Issue: User is unsure what to do next
- Solution: Provide clear options: "You can:
- Generate test cases (if plan exists)
- Run the evaluation (if test cases exist)
- Analyze results (if evaluation completed)
- Refine the evaluation plan What would you like to do?"
Appendix A: Evaluation Plan Template
The following template is used for creating eval-plan.md:
# Evaluation Plan for [AGENT NAME]
## 1. Evaluation Requirements
<!--
ACTION REQUIRED: User input and interpreted evaluation requirements. Defaults to 1-2 key metrics if unspecified.
-->
- **User Input:** `"$ARGUMENTS"` or "No Input"

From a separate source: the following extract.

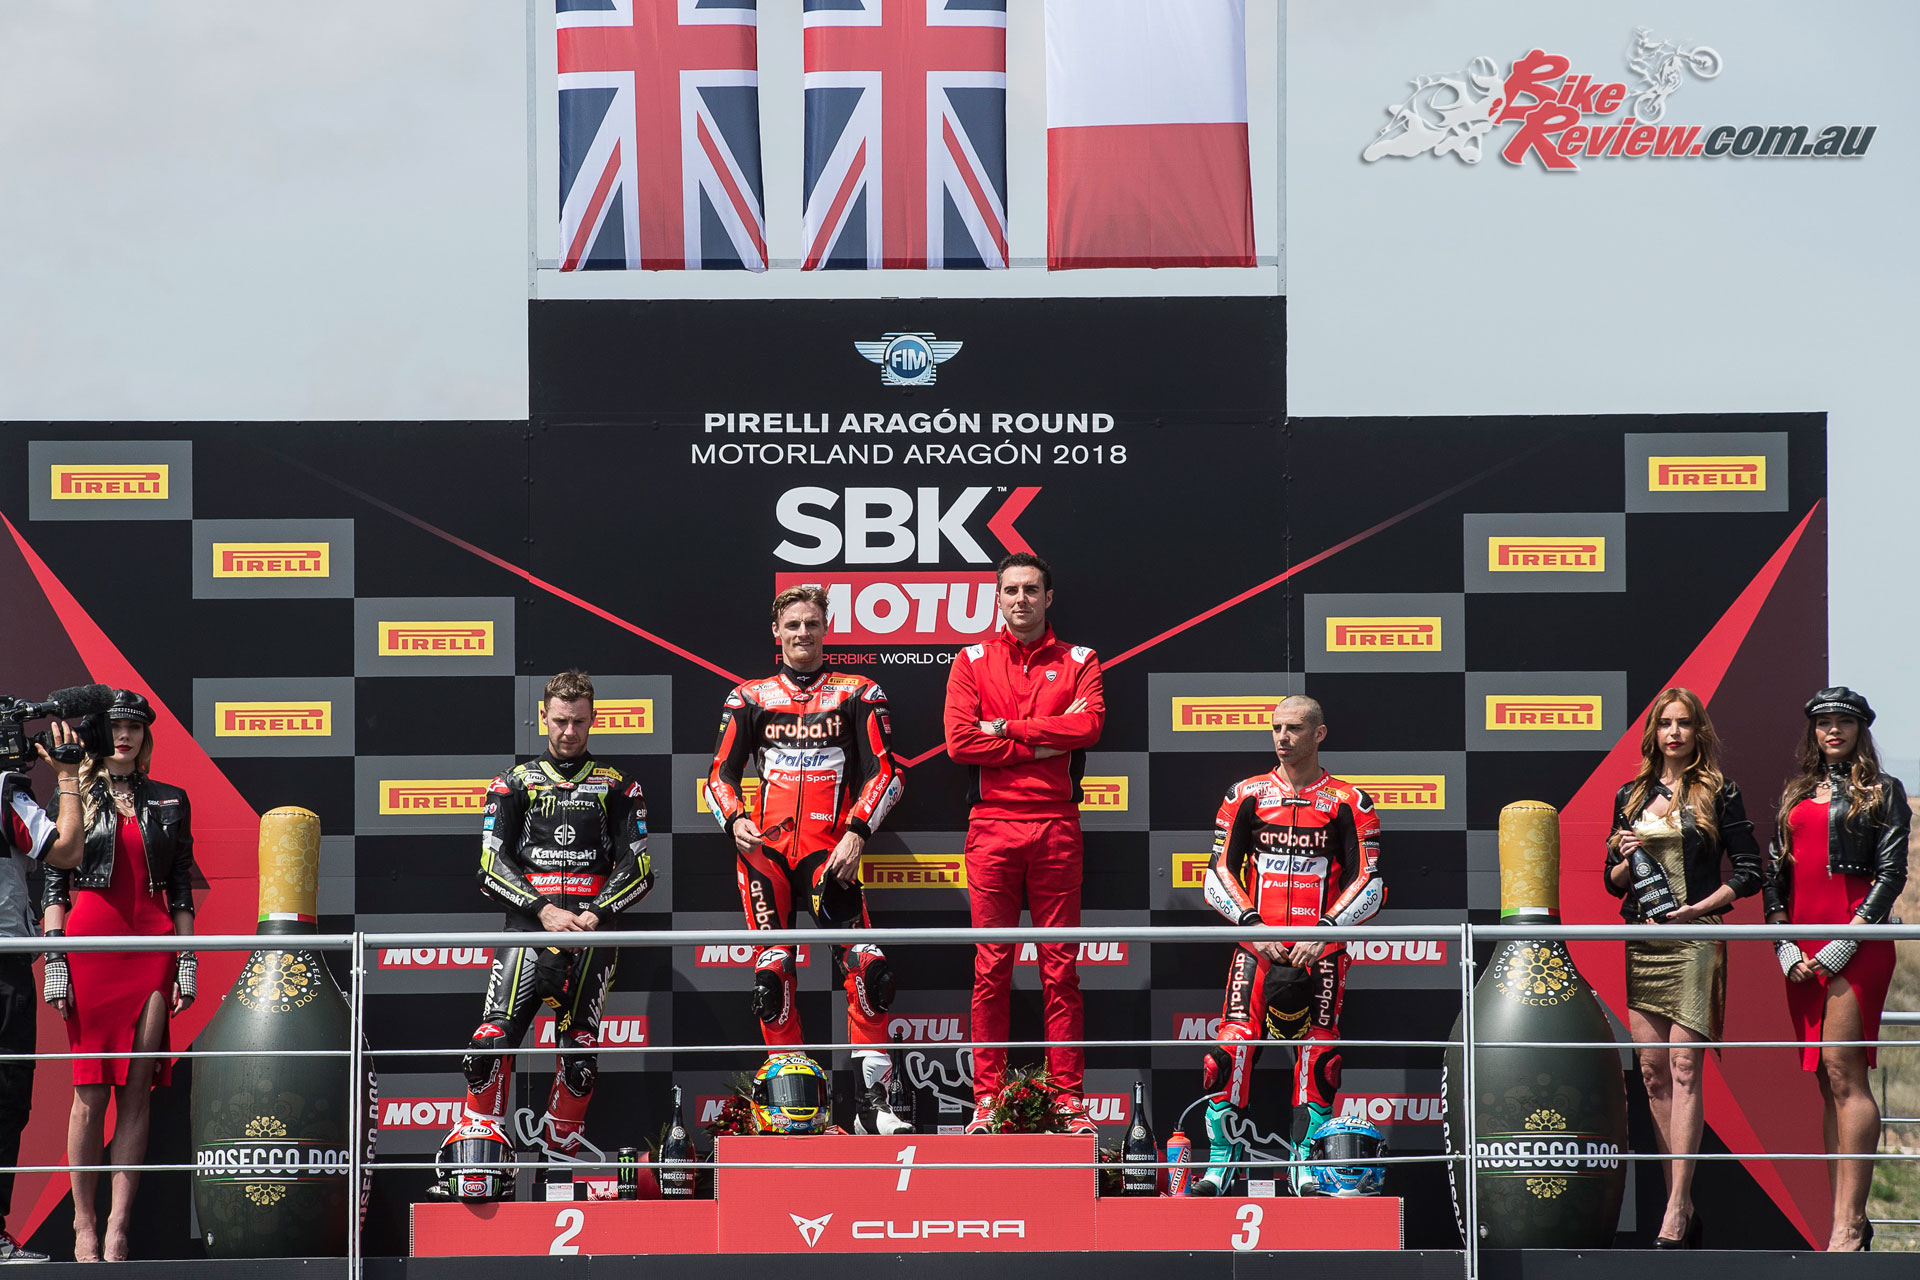 Race 2 podium - Aragon, 2018 - Image by Geebee Images

- **Interpreted Evaluation Requirements:** [Parsed from user input - highest priority]
---
## 2. Agent Analysis
| **Attribute** | **Details** |
| :-------------------- | :---------------------------------------------------------- |
| **Agent Name** | [Agent name] |
| **Purpose** | [Primary purpose and use case in 1-2 sentences] |
| **Core Capabilities** | [Key functionalities the agent provides] |
| **Input** | [Short description, Data types, schemas] |
| **Output** | [Short description, Response types, schemas] |
| **Agent Framework** | [e.g., CrewAI, LangGraph, AutoGen, Custom/None] |
| **Technology Stack** | [Programming language, frameworks, libraries, dependencies] |
**Agent Architecture Diagram:**
[Mermaid diagram illustrating:
- Agent components and their relationships
- Data flow between components
- External integrations (APIs, databases, tools)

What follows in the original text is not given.